Exercise brief = Starting at the line that holds "A gray 1968" and stopping at the line that holds "Yellow Cotton Girls", restate the records below word for word, with both of those lines included.

[Data records]

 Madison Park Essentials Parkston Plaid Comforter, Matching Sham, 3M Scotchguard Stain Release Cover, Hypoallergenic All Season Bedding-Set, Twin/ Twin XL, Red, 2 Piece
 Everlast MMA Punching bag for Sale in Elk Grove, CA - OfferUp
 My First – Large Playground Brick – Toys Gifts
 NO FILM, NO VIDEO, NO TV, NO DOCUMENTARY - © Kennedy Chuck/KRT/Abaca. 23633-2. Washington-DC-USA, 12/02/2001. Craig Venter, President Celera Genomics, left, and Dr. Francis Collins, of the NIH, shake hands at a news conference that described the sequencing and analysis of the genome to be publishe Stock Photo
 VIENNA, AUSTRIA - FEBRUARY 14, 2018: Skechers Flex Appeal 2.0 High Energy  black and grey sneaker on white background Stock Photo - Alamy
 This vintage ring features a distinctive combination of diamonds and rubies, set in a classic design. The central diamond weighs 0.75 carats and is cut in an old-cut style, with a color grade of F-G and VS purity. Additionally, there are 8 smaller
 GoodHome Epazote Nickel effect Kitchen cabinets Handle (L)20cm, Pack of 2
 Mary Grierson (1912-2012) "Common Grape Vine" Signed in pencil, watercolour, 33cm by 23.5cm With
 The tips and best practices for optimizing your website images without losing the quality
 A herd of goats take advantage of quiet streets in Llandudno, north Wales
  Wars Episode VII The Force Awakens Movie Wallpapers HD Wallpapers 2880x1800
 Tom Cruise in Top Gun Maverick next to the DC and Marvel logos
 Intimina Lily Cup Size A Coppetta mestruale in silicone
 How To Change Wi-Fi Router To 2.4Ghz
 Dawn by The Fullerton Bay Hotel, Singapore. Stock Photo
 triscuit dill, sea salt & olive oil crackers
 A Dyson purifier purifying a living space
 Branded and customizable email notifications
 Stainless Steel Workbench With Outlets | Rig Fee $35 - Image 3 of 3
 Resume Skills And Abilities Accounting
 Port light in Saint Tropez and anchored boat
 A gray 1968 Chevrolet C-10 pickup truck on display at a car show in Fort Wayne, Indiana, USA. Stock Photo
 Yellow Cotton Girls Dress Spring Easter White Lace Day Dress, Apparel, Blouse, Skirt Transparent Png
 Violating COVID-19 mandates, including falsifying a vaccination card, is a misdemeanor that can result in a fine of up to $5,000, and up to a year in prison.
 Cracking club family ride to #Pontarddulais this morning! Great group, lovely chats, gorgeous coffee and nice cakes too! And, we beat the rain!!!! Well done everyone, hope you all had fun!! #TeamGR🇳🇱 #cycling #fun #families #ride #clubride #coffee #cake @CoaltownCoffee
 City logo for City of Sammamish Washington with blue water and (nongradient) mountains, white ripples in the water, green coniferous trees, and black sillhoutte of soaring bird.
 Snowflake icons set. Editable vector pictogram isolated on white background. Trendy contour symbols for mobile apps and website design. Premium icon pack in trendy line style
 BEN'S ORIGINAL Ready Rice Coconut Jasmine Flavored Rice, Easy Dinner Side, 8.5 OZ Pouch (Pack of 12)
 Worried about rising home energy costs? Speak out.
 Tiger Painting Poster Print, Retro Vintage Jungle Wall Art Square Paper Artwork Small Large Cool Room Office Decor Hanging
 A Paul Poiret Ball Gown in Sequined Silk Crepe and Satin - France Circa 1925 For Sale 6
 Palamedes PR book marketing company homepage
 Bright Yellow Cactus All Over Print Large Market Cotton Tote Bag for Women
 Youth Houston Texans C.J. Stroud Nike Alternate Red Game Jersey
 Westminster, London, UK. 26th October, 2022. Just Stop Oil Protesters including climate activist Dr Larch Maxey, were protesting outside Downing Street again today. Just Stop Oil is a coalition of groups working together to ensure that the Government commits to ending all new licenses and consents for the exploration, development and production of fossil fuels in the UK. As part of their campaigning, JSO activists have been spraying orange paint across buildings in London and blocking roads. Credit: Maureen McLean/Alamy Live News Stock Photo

Exercise answer =
 A gray 1968 Chevrolet C-10 pickup truck on display at a car show in Fort Wayne, Indiana, USA. Stock Photo
 Yellow Cotton Girls Dress Spring Easter White Lace Day Dress, Apparel, Blouse, Skirt Transparent Png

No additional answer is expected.